Using acquisitions to accelerate global credibility

As Jack expanded across smaller markets, these environments increasingly functioned as capability-building laboratories. In markets where brand expectations were lower but operating conditions were tougher, the company could test whether it truly delivered on its promises. Feedback cycles were fast, and failure—while painful—was survivable. In Brazil, for example, Jack observed that certain machine designs contributed to operator strain and occupational health issues. Product modifications made in response proved highly successful and later informed globally popular models.
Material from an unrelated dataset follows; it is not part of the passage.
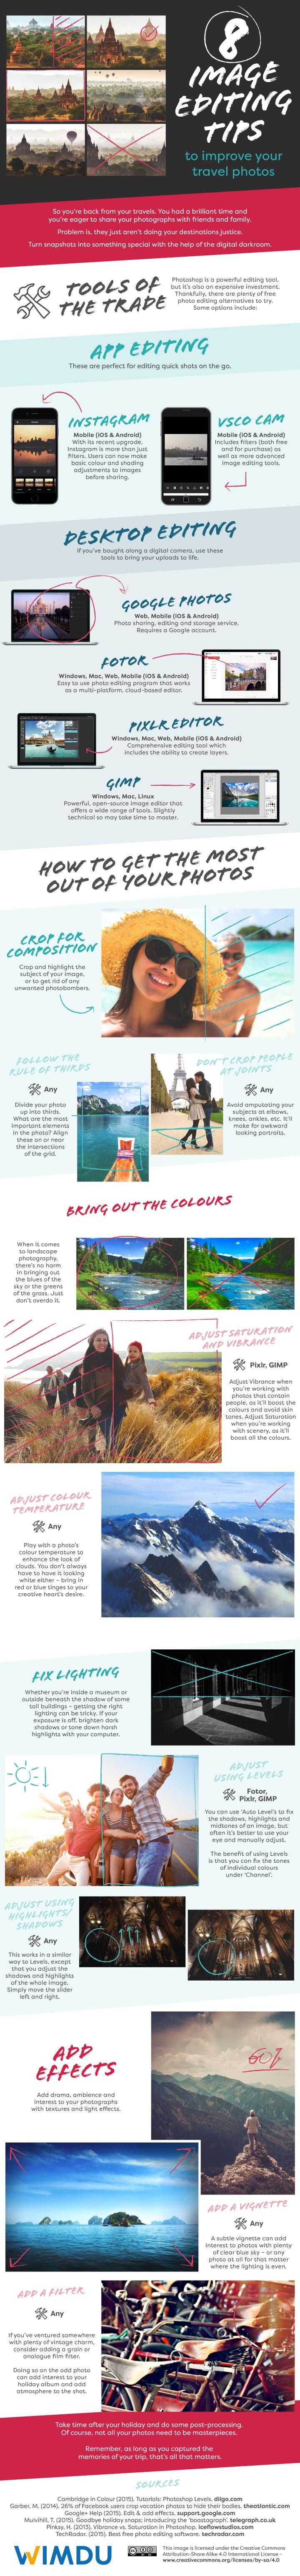 edit travel photo infographic

By the end of the 2000s, Jack had accumulated enough experience, confidence, and organizational maturity to attempt a different kind of leap. Rather than entering Europe organically, it used mergers and acquisitions to accelerate both technology and brand credibility. Starting in 2009, Jack acquired several established European companies, including Germany’s Bullmer and Italy’s MAICA and VIBEMAC—firms with long histories, strong technical capabilities, and deep relationships with global apparel brands.

These acquisitions marked a turning point. They expanded Jack’s product portfolio beyond sewing machines into intelligent cutting and automation equipment, while also anchoring the company more firmly in mature markets. Importantly, Jack did not pursue aggressive integration. Local teams retained operational autonomy, while Jack provided manufacturing scale and capital. The result was not just faster market access, but a substantial upgrade in the company’s global positioning.
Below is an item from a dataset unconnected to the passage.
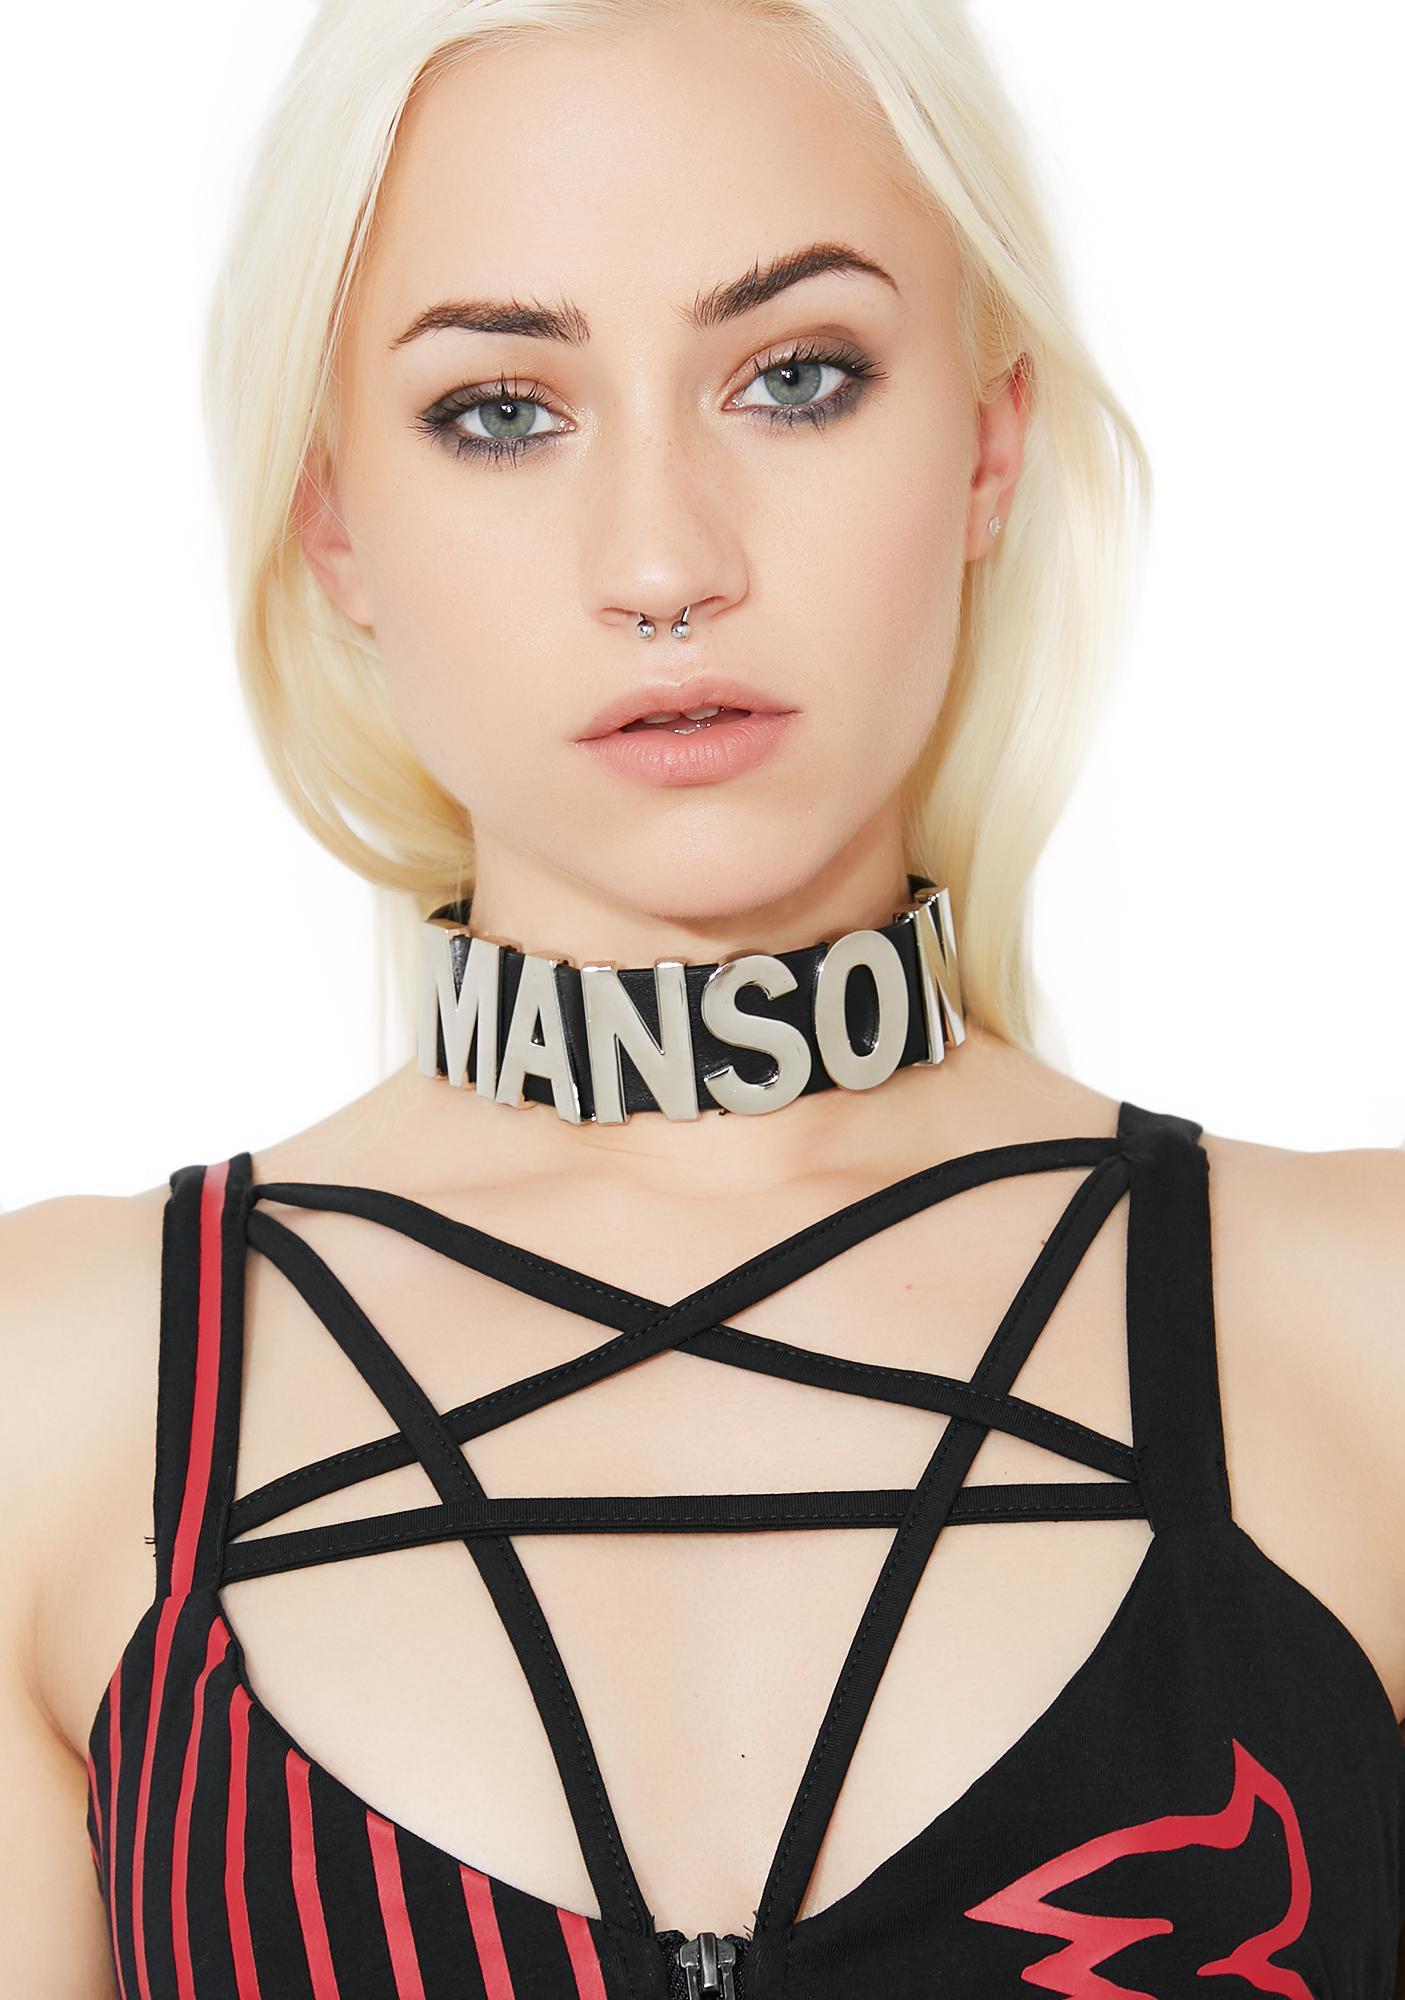 Killstar My Manson Letter Choker

Competing at the system level

From 2019 onward, Jack entered a new phase focused on system-level leadership. It reorganized its global strategy around four major market regions, reflecting differences in customer expectations, regulatory environments, and production models. At the same time, it responded to structural changes in the apparel industry, particularly the rise of small-batch, fast-response manufacturing. New products and integrated solutions were designed to help customers shorten production cycles and improve flexibility, reinforcing Jack’s shift from selling machines to delivering outcomes.

Looking back, Jack’s so-called “small market strategy” was never about thinking small. It was about choosing the right arenas in which to build core capabilities. Smaller markets provided the space to refine product adaptation, channel governance, service execution, and brand credibility through delivery rather than rhetoric. Once these capabilities were in place, expansion into larger, more demanding markets became not only possible, but sustainable.

What Jack’s globalization means for Chinese B2B brands

For Chinese manufacturers seeking to build global brands, Jack’s experience offers a different logic from the dominant narratives of high-profile branding or rapid international scale. In industrial B2B markets, trust is rarely won through storytelling alone. It is earned through repeated fulfillment—through machines that work, services that respond, and partners that deliver consistently. Jack’s brand did not emerge from advertising campaigns. It emerged from verification.

In that sense, Jack’s rise is less a marketing success story than an organizational one. Over thirty years, the company-built systems that allow trust to compound across markets and cultures. It moved slowly, but it moved with direction. And in doing so, it demonstrated that for B2B brands, the deepest logic of globalization still lies at the bottom: in capability, structure, and the discipline to deliver—every time.